To evaluate the utility of abdominal ultrasonography (AUS) to detect grossly evident masses in dogs with nontraumatic hemoabdomen.

ANIMALS

94 client-owned dogs.

PROCEDURES

Electronic medical records from 2014 to 2017 were searched to identify dogs with nontraumatic hemoabdomen that had an AUS performed by a radiologist and subsequently underwent gross evaluation by surgery or necropsy. Ultrasonography, surgery, and histology reports were reviewed, and descriptive statistics were performed. Sensitivity of ultrasonography to detect grossly identifiable masses was calculated.

RESULTS

Differences were identified between AUS and surgical or necropsy findings for 51 of 94 (54%) dogs. Splenic masses were most commonly identified as the cause of hemoabdomen. Sensitivity of AUS was 87.4%, 37.3%, and 31.3% for masses in the spleen, liver, and mesentery, respectively.
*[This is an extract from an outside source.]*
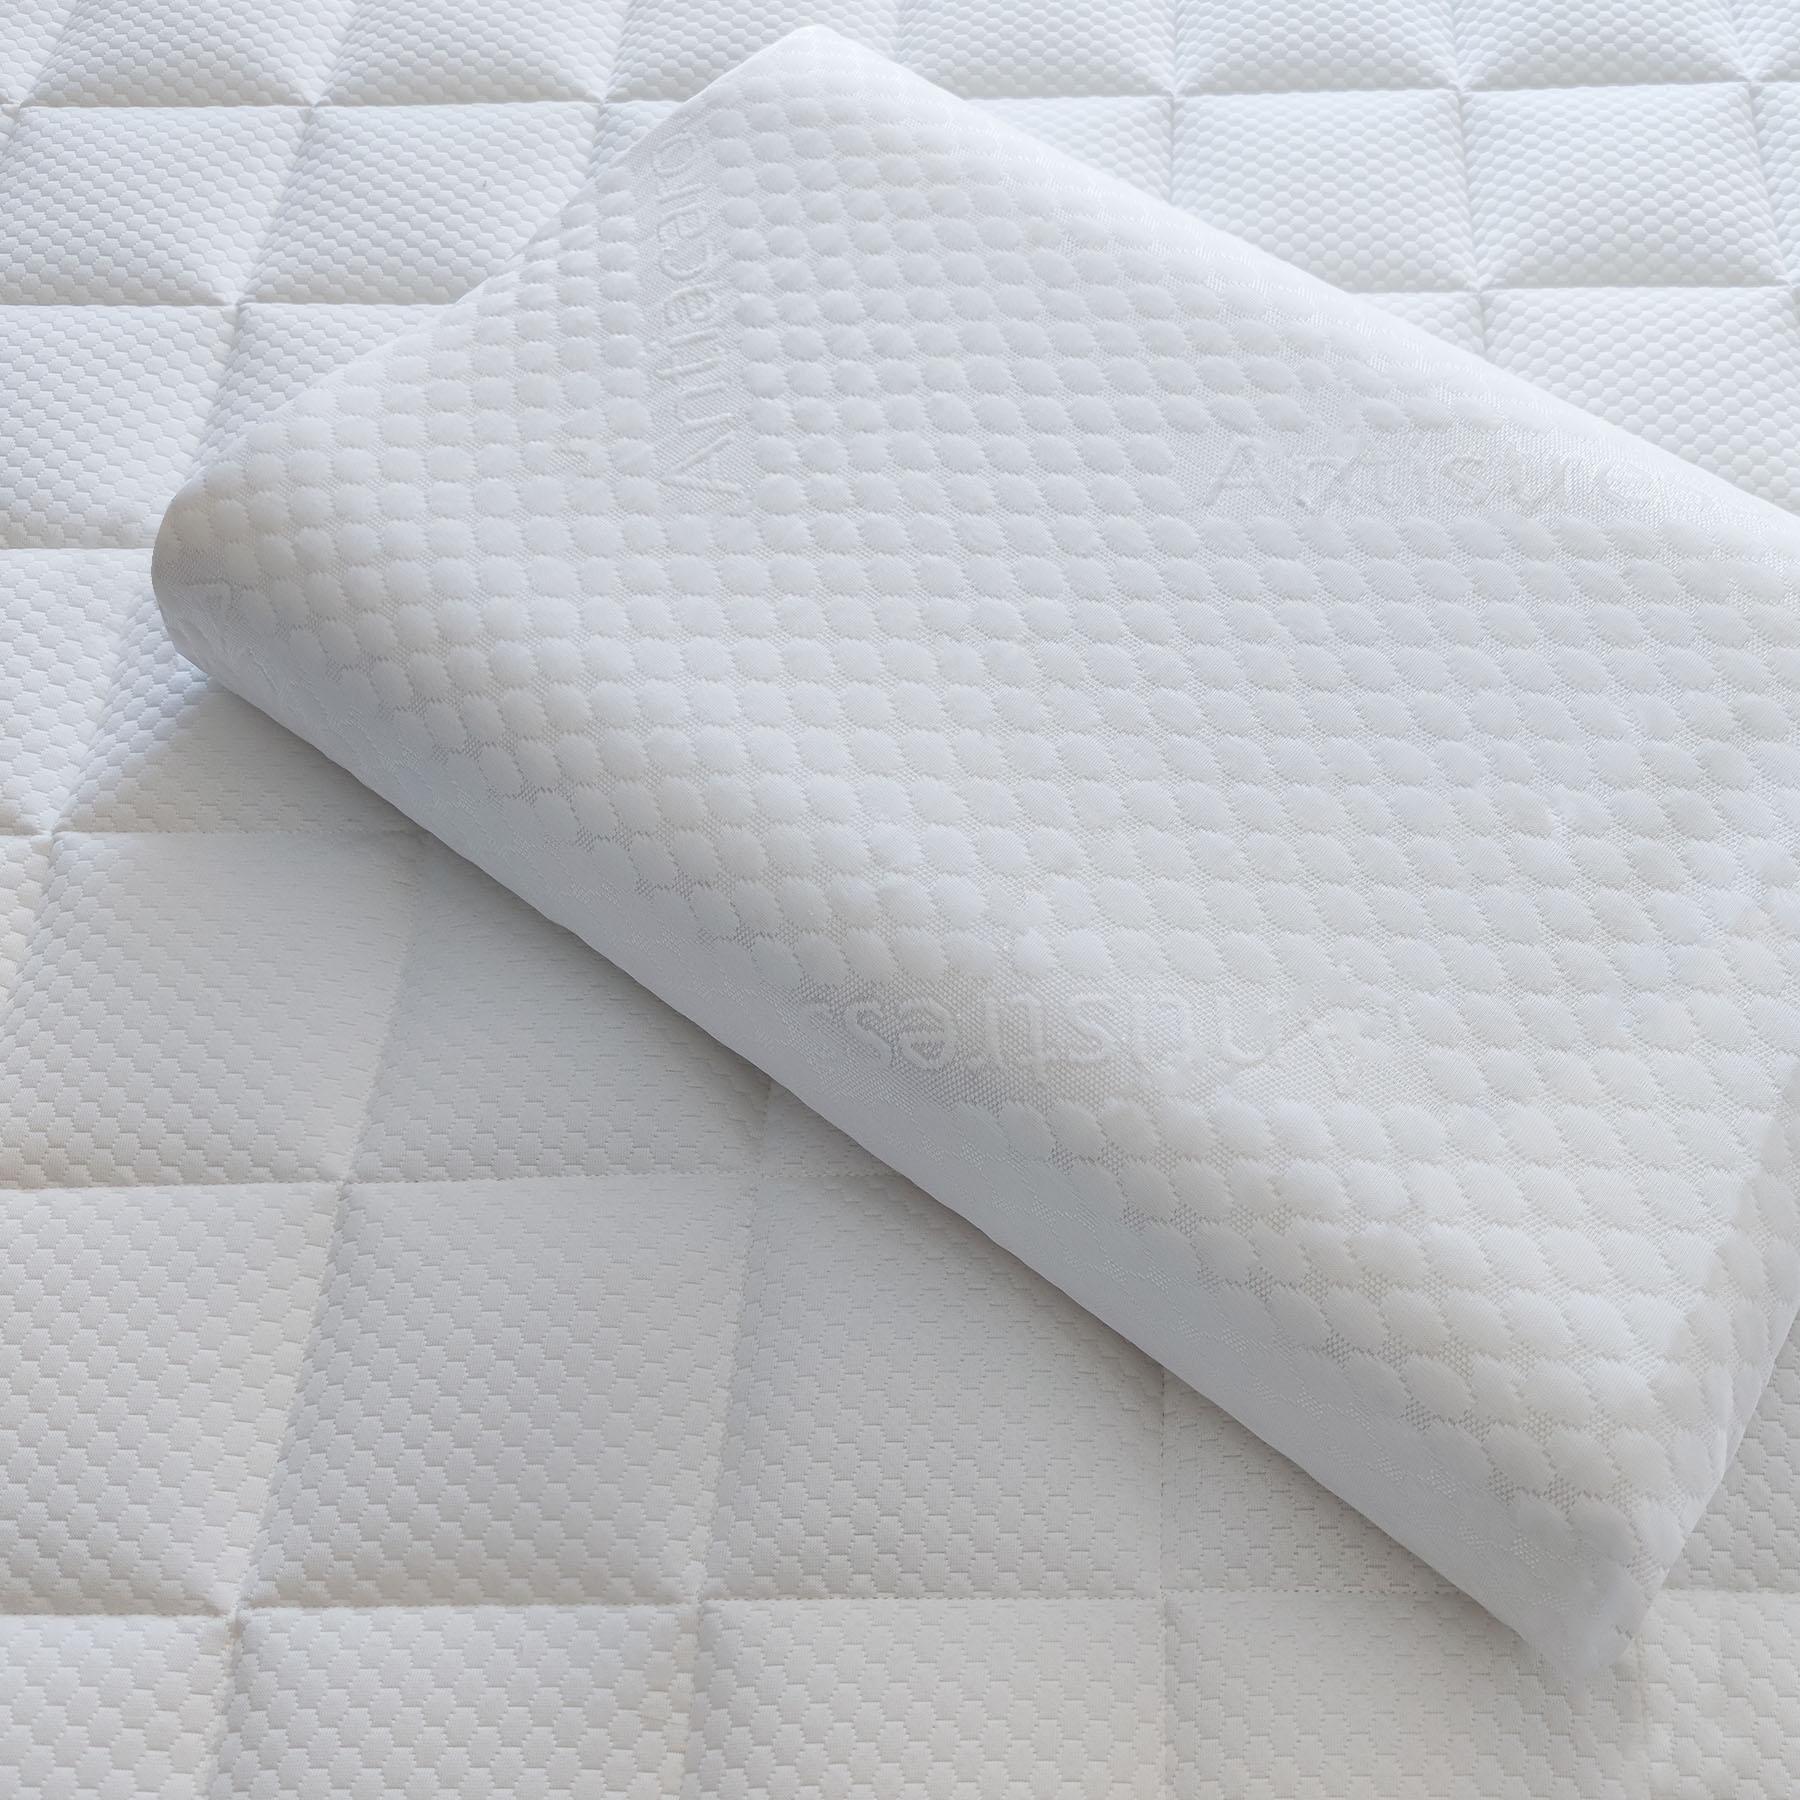 Primo piano del cuscino cervicale Lignano in memory foam e water gel di Beliamo, evidenziando i materiali di alta qualità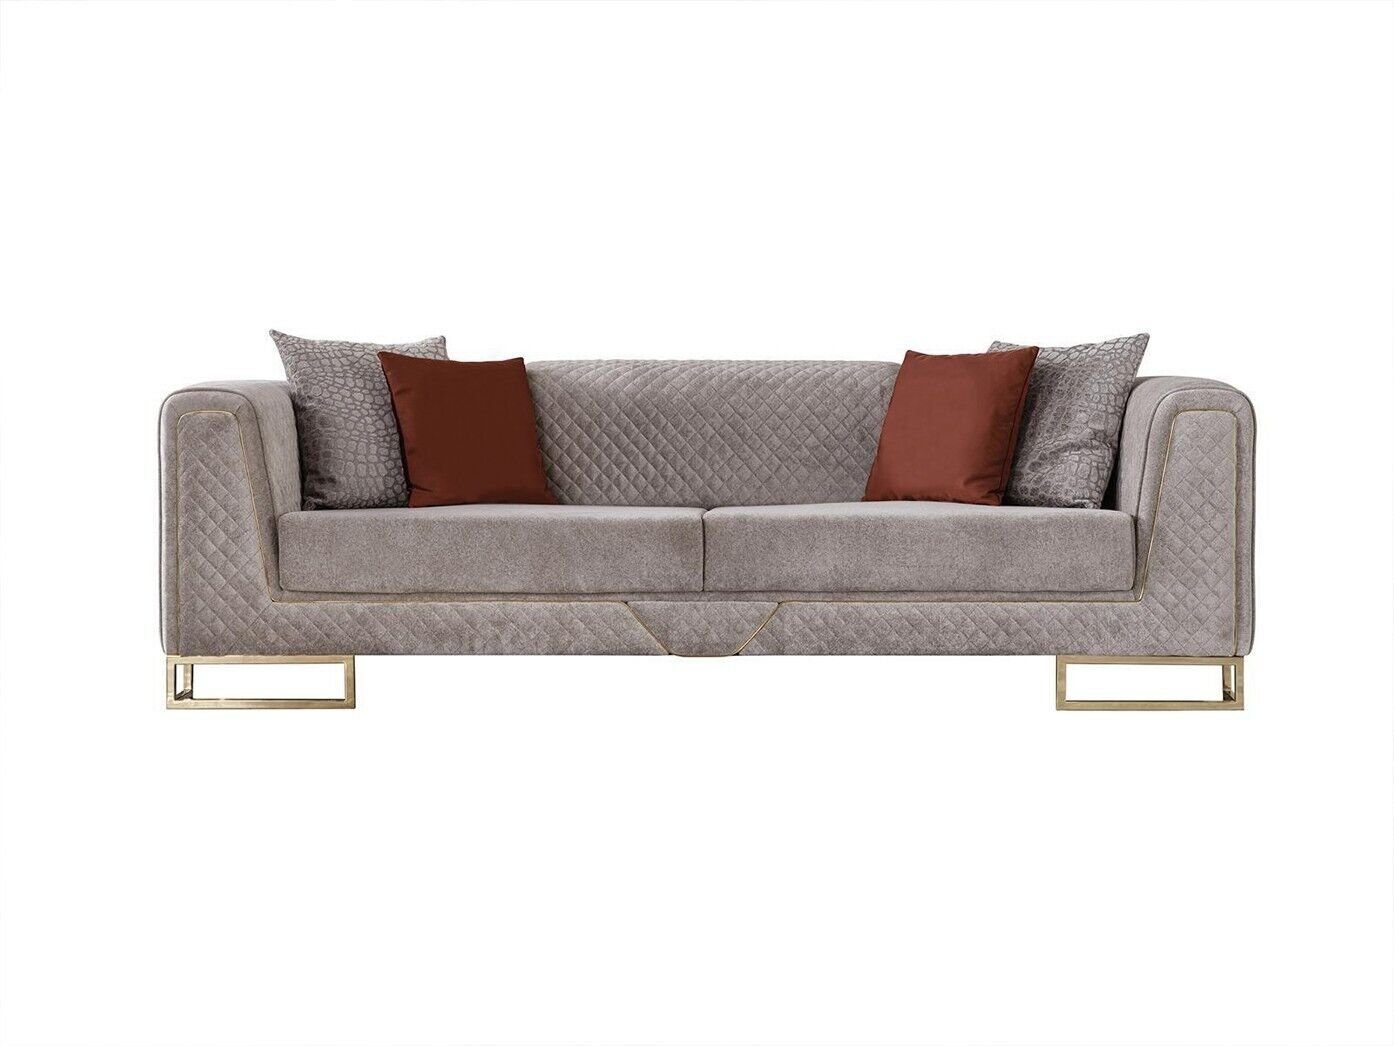 Couch Ecksofa in Europa Sofa Einrichtung Dreisitzer xxl Made Luxus Polster JVmoebel Möbel 240cm,

Five dogs had more lesions identified with AUS than were found on gross evaluation; 0 of 6 dogs with peritoneal diffuse nodular metastasis had lesions detected by AUS.

CONCLUSIONS AND CLINICAL RELEVANCE

In this sample of dogs, the utility of AUS to detect grossly identifiable lesions in dogs with nontraumatic hemoabdomen was limited, with the highest and lowest sensitivity found for splenic masses and diffuse nodular metastasis, respectively.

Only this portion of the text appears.